Yes, I could go for alimony, but that is not a guarantee, it is based on NEED, and even then he may not agree to amount!
It was just a let down, I feel stuck, I know I don't want to be married to him any longer, but why be stupid financially just because I want to be free of him? Why push it?
I don't have anyone else in my life, nor am I looking, but I always thought that I would feel "available, single" once I would be divorced - not feel like I would be cheating, if someone ever happened to come along!!!
This whole thing just sucks!
When a person shows you who they are, believe them - Maya Angelou
minus - health insurance that I would have to get on my own
I'm not pushing you to move forward, but I'm suggesting you challenge some of those obstacles and look for solutions. Stuck is a hell of a place to live.
"Ring the bells that still can ring
Forget your perfect offering
There is a crack in everything
That's how the light gets in." -Cohen
It's hard, I know, but after a while it got easier.
I would take the lawyer's advice.
They were right about you.
I lived in limbo for a year, but called it "purgatory".
One thing that helped DD and I was to get on the state insurance and it was one way to free ourselves of STBXH.
I think many or most states have it now and it's really basic coverage, but makes things like prescriptions really inexpensive. I don't know how long we have on it and have to find out, but it was very freeing.
I am fighting to get it in the papers that he will pay for the expense that are unpaid, where he is trying to stick me with half the financial responsibility, and I am unemployed SAHM for ten years and pregnant! What would I pay with?

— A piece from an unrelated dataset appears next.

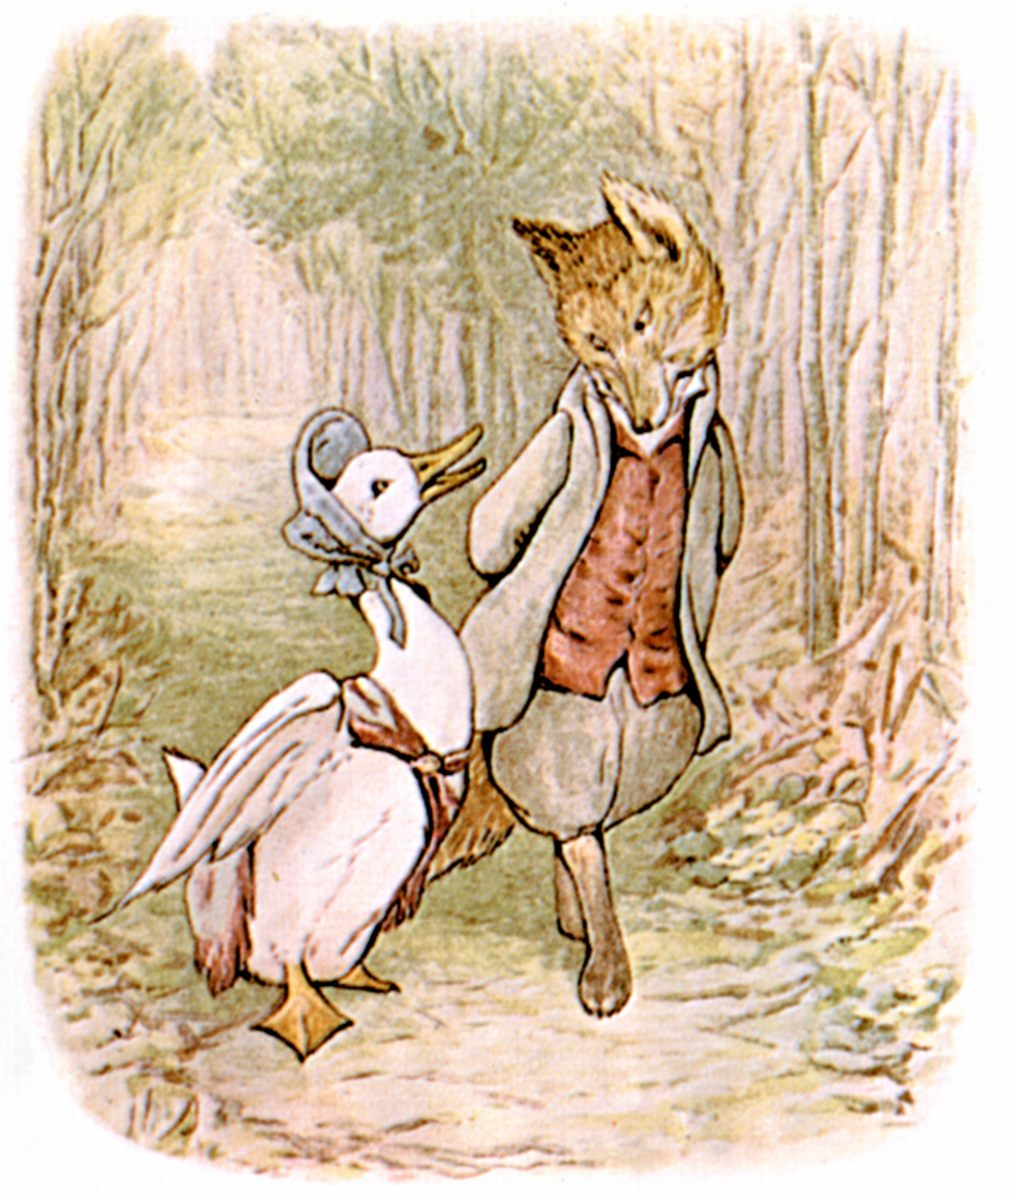 Jemima Puddle-Duck & Foxy Gentleman

So anyway, I just wanted to chime in and say that I agreed, it seems like you ought to have more rights than that lawyer gave info. for.
I "interviewed" several and one told me how awful my balance sheet would look!? I told her, "I know! It had been planned to share that balance sheet for our whole lives!-at least by me!
One way for me to feel better, after a while, was to make phone calls and visits to social service agencies. I have a lot of pride to swallow, but find it freeing and a bit of pride when I can solve a money problem and not include that man (who is unemployed anyway).
I finally found someone to borrow money from and also swallowed that pride, but I was able to be the one to file first and be "Plaintiff", which means a whole lot (for some reason). It means some things like respect and self-respect and other things like that I hope to regain for myself some day.
Yes, I too see men go by and
am finally realizing that other ones exist and now finally feel like I could pursue one if one ever took a second glance (with my physical condition they don't usually, lol).
I wish you luck and I wish you well. I'm glad that you are strong in mind, though and have no blinders or anything.
Yes, Perv claimed he never went to a lawyer until I did and some of that is the passive aggressive part. I think also he was thinking I would have more money to spend then him, but in eternity, it will be him with sooo much more to spend and then lose.
The only thing that stays the same, is change. -M. Etheridge
I'm going to take my lawyers advice .....for now! She has a great reputation in the city! @300.00 an hour she should!!!
My DS is going away away to college, and he has said he'll help with whatever, so that's another good reason to lay low for DS sake.
But I do totally that there are other options, I can have health insurance through my employer, but it is soo expensive! I looked into private insurance, so when I have to.. I guess I will do it!
Yes, Nik good advice, didn't know I could ask for $$$ for Ins.
You are right Ashland, it will be living in purgatory!
I tend to be a positive person and I know that there's always people that have it much worst thsn me, I am healthy, I have good job, moved to a nice apartment, my kids are pretty great, so things could be worst, if only my heart would only mend and Move the hell on from this crap...I Would be good! But then I wouldn't need the good advice from the great people of SI!!
I will look into that too. I think being informed and knowing all our options is the best offense.